# Please help me, my fish are stressed out.



## fishouttawater (Mar 4, 2005)

I live in a small town where it is going to be impossible to get anything major to help my fish. It is a 29 gallon tank with no live plants at this time. It has 1 pleco (the crap machine), 5 tiger barbs, 2 platys, 1 molly (hitched a ride), 2 rainbow sharks (babies really, maybe 1 1/2 inches each), and a columbian shark, called many things, silver tipped I think fits him best, he is about 2 inches at most. We realize that later they will need a bigger tank. The trouble is, the columbian, and the barbs have ich. We have treated them for 10 days now, doing tons of water changes and half doses to not upset the columbian. 

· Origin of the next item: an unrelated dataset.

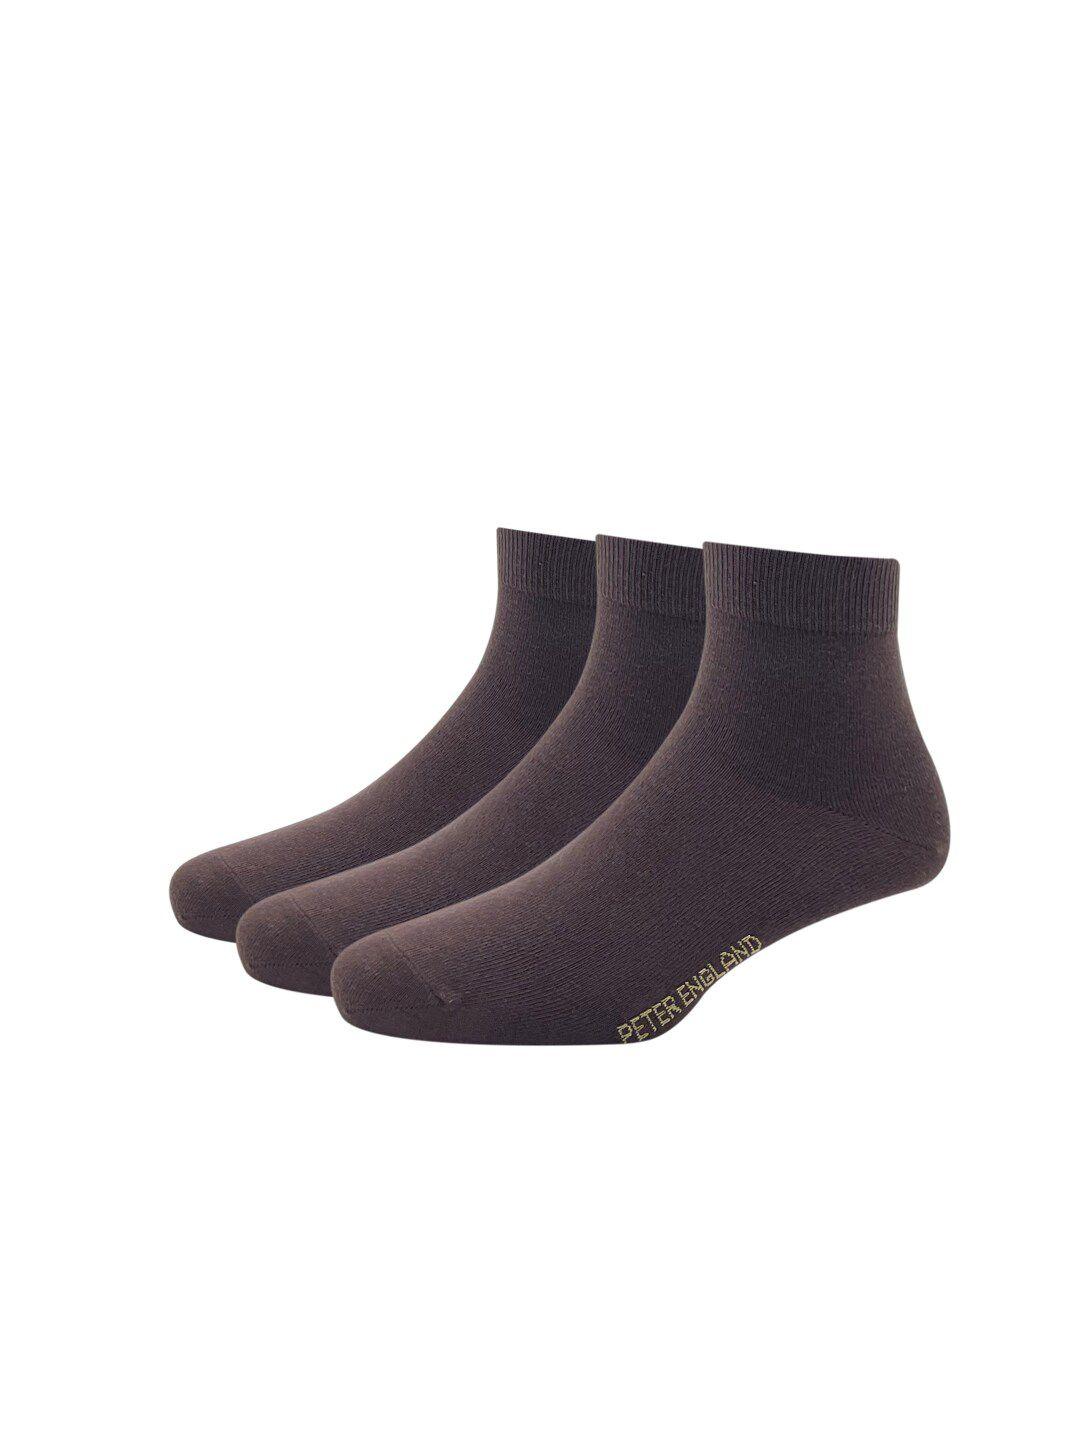 peter england men brown pack of 3 cotton full length socks

Today the Nitrates got high, I just did a 50% water change. The readings now are: Nitrate 40, Nitrite .75, hardness is 300, KH is 180 and pH is 7.6, ammonia not quite the .25, but not 0 either. The temperature is 78.

The biggest trouble is, the ich is getting worse, one of the tiger barbs is spending a lot of time in a vertical position, tail up, and quivering. They are all getting faded and looking so upset. I have been treating with the halfdoes of Quick Cure, which is like sticking nothing in there, and am trying Ick Cure now.....but.....nothing is working. What of my readings needs to change, and how? I don't want to lose my fish, and have been even taking vacation time to come home and tend to them. Any help you can offer will be SOOOOO appreciated. On a happy note, they are still up to now, eating well, I hope this is a hopeful sign, but I am scared to get too optimistic. 

THANKS EVERYONE.


----------



## Lexus (Jan 19, 2005)

Turn up the temp to 82-84... Do another 25% water change.... up the medication to a full dose, dont worry about the shark, I have treated full dose with them and they are fine.


----------



## Fishfirst (Jan 24, 2005)

also add some form of aeration, the higher temp will not allow a lot of oxygen to be in the water so you must replenish it by getting an aerator or letting your HOB splash.


----------



## fishouttawater (Mar 4, 2005)

will do another water change tonight if you don't think it is too much to do in one day, i already took out 50% on my lunch hour. We have an bubble stick across the whole back of the tank, and what is HOB? my filter splashes, i raised it up cause i like the sound of the water running back into the tank. i will raise the meds if you really think it isn't going to hurt him, obviously he isn't comfortable now. thank you again. makes me nervous to have the carbon filter out for so long too. sigh, who knew this was going to be such a mess?


----------



## mousey (Jan 18, 2005)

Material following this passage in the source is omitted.